Nos encontramos, pues, en la casa de los discípulos en Jerusalén: los dos de Emaús han regresado y han contado su experiencia, mientras los Once y los demás testigos también dan testimonio de que Cristo ha resucitado y ha sido visto por Simón Pedro (cf. Lc 24,33-35). Mientras todos hablan de Jesús, Él mismo está en medio de ellos, les da la shalom, la paz (cf. Lc 24,36), y luego pronuncia unas palabras que resuenan con absoluta novedad: «Estas son las palabras que os dije cuando aún estaba con vosotros» (Lc 24,44a).
Sí, porque Jesús ya no está con ellos como antes, como hombre, maestro y profeta; ahora es el Señor vivo que ya no habla en arameo, con el sonido de su voz humana que ellos habían escuchado durante tanto tiempo, sino de una manera nueva, más eficaz, persuasiva, porque su voz está dotada de la fuerza del Espíritu de Dios plenamente activo en el Resucitado.
En la potencia del Espíritu, el Señor Jesús muestra a los discípulos el cumplimiento de las Escrituras y el cumplimiento de sus palabras en los acontecimientos que precedieron a ese día (cf. Lc 24,44-47). El Resucitado explica las Escrituras de manera que los discípulos comprendan la conformidad entre lo «estado escrito» y lo que han vivido: ahora los discípulos pueden finalmente comprender lo que antes no podían entender.
Sin duda habían leído muchas veces la Torá, los Profetas y los Salmos, pero ahora que los hechos se han cumplido pueden comprenderlos creyendo, a la luz de la fe. Jesús les había anunciado varias veces la necessitas de su pasión y muerte (cf. Lc 9,22.43-44), pero estas palabras les habían parecido escandalosas, enigmáticas (cf. Lc 9,45). Ahora, sin embargo, que se han cumplido, no por destino o fatalidad, sino por la necesidad mundana según la cual «el justo» (Lc 23,47) en un mundo injusto debe morir (cf. Sab 1,26-2,22) y por la necesidad divina por la cual Jesús, en obediencia a la voluntad del Padre, no se defiende, sino que acoge el odio sobre sí mismo amando hasta el final, ahora sí es posible creer en las Sagradas Escrituras.

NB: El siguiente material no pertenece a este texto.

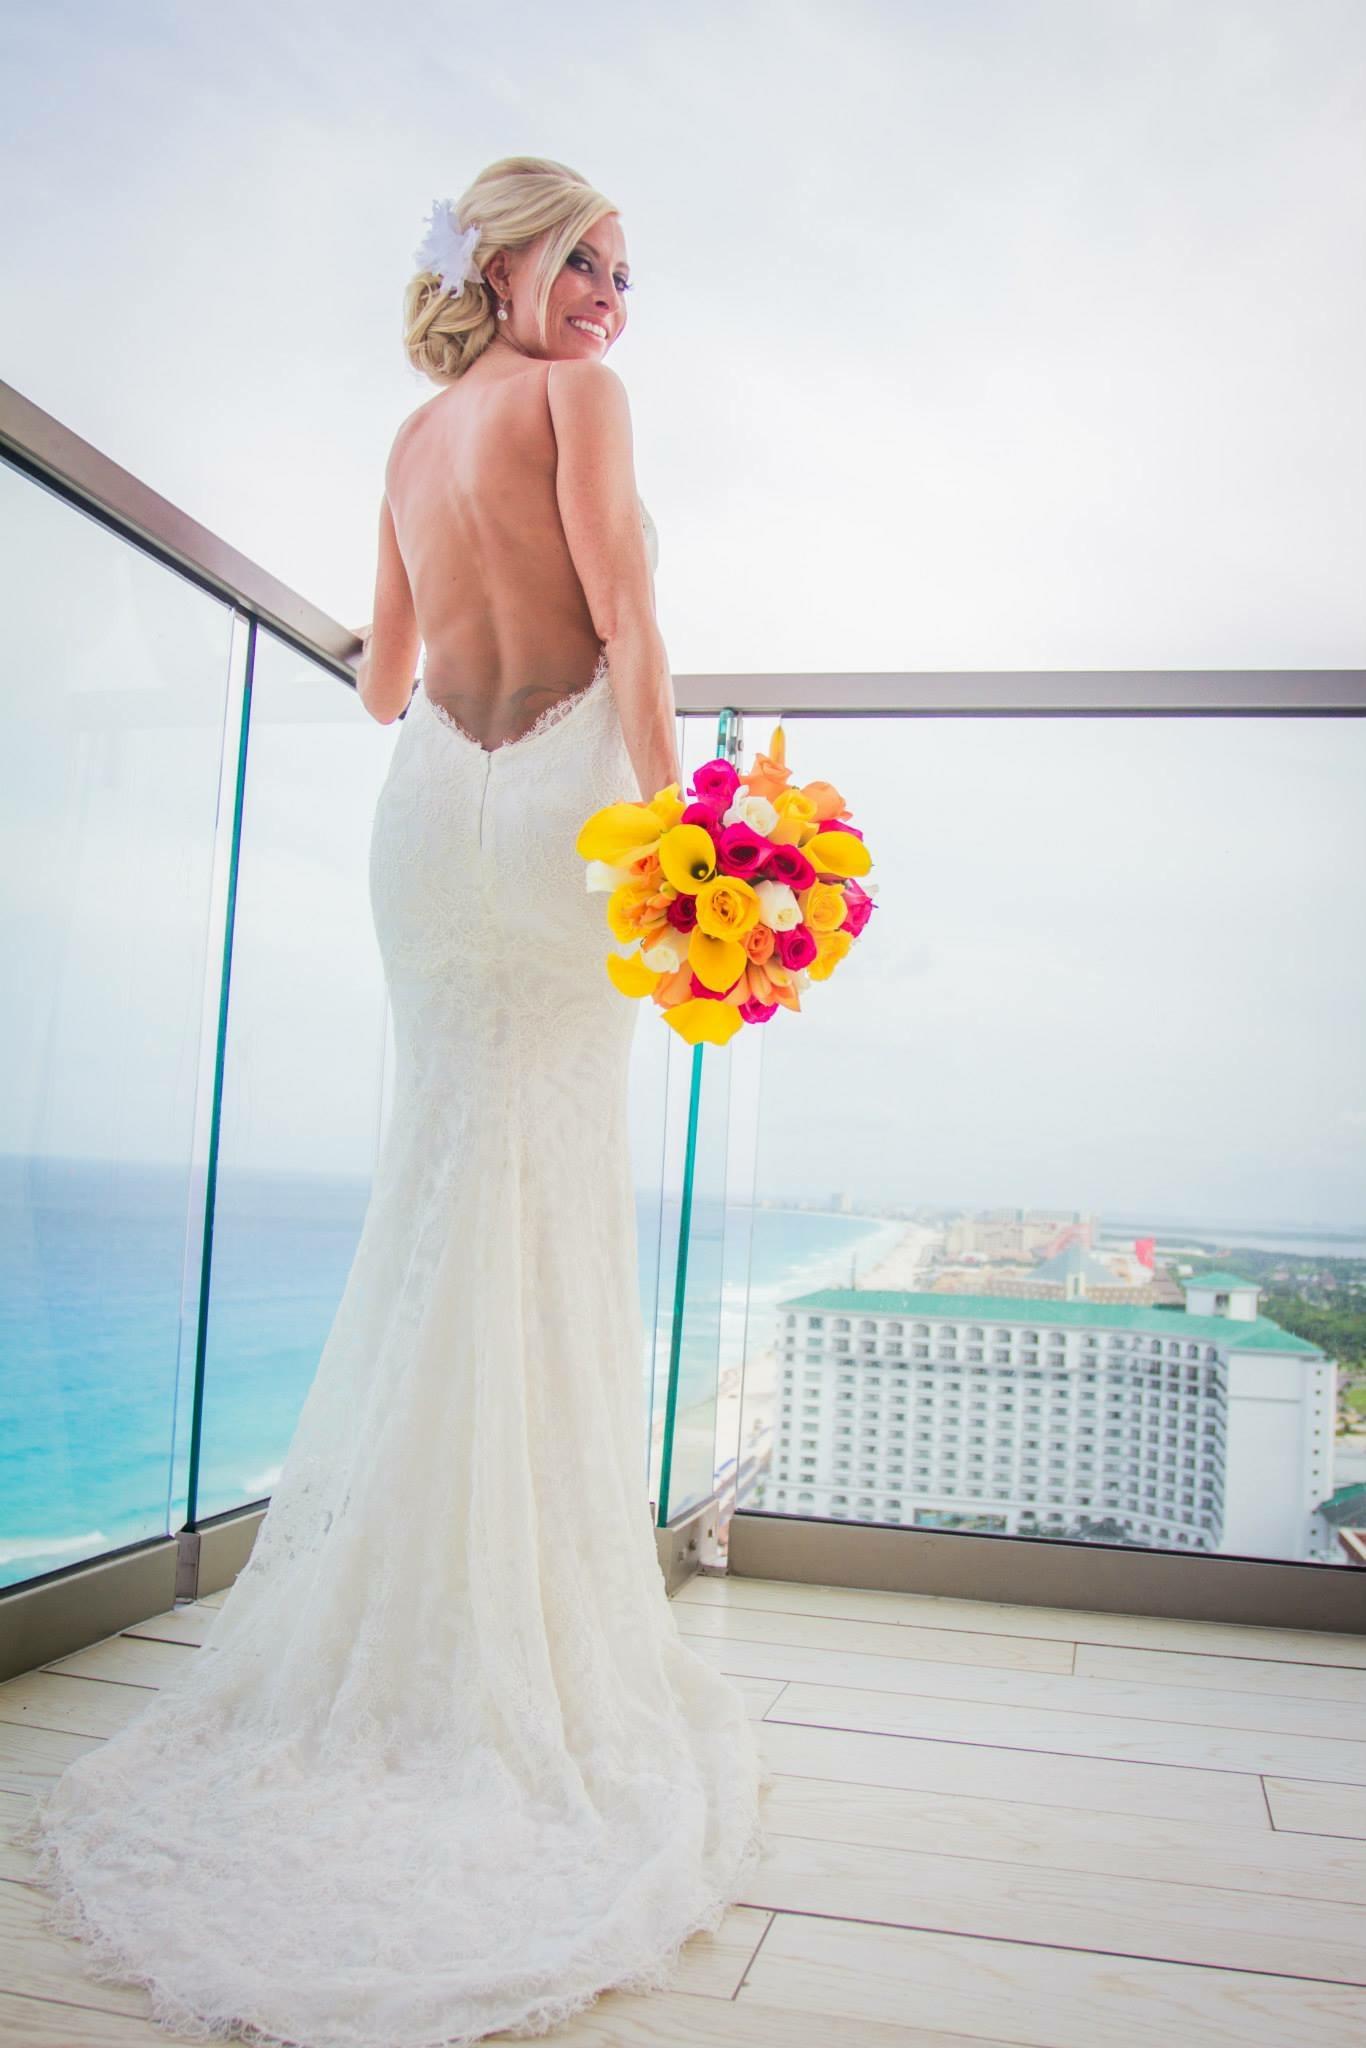 krysten-reed-cancun-beach-wedding-0.JPG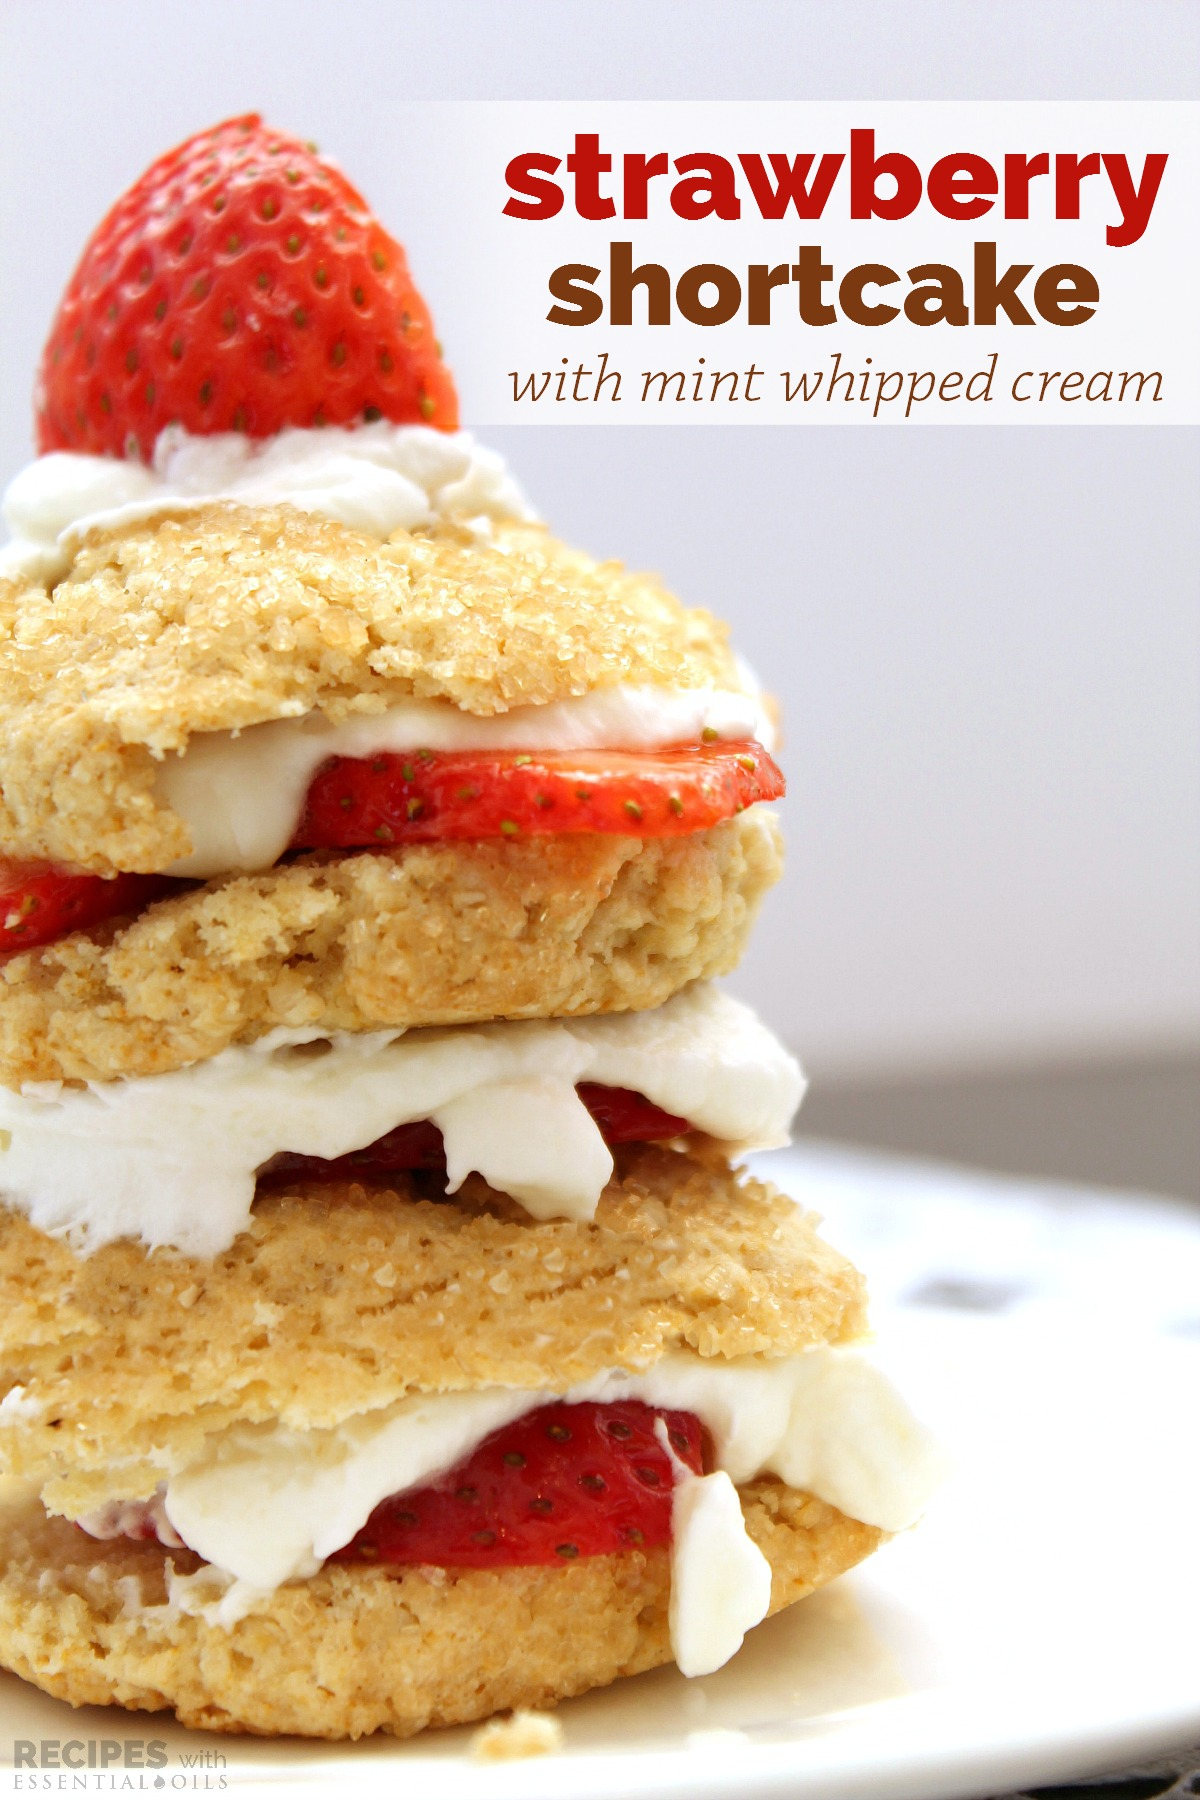 Jazzed up strawberry shortcake recipes with essential oils jazzed up strawberry shortcake recipe with vitality essential oils from recipeswithessentialoils fandeluxe Images

Y creyendo es posible convertirse en «testigos», hasta anunciar la muerte y resurrección de Jesús como acontecimiento que exige conversión y da la remisión de los pecados: el perdón de Dios a toda la humanidad, en espera de la buena nueva de la salvación. Todos son testigos —subraya Lucas—, todos anunciadores del Evangelio, no solo los Once, los apóstoles, sino también los demás presentes en el mismo lugar.
Sí, Jesús, este hombre de Nazaret, hijo de María y de Dios, que solo Dios podía darnos, había venido sobre todo como visita de parte de Dios (cf. Lc 1,68): una visita no para castigar los pecados cometidos por el Pueblo de Dios y por toda la humanidad, sino una visita que anunciaba el perdón de los pecados (cf. Lc 1,77). Con esa muerte de «hombre justo» que acogía sobre sí el odio, la violencia y la mentira de los malvados, y respondía no con violencia sino con amor, Jesús entregaba al Padre la verdadera imagen de Dios, el Adán que Dios había querido (cf. Col 1,15).
Y precisamente como justo que está del lado de los pecadores, solidario con los publicanos, los impuros, las prostitutas, los ladrones y los malhechores, Jesús subía al Padre dirigiéndole la oración incesante que implora perdón y misericordia. Entre sus últimas palabras antes de morir, ¿no había dicho: «Padre, perdónalos porque no saben lo que hacen» (Lc 23,34)? ¿Y no fue acaso a un malhechor a quien dirigió su última promesa: «Hoy estarás conmigo en el paraíso» (Lc 23,43)?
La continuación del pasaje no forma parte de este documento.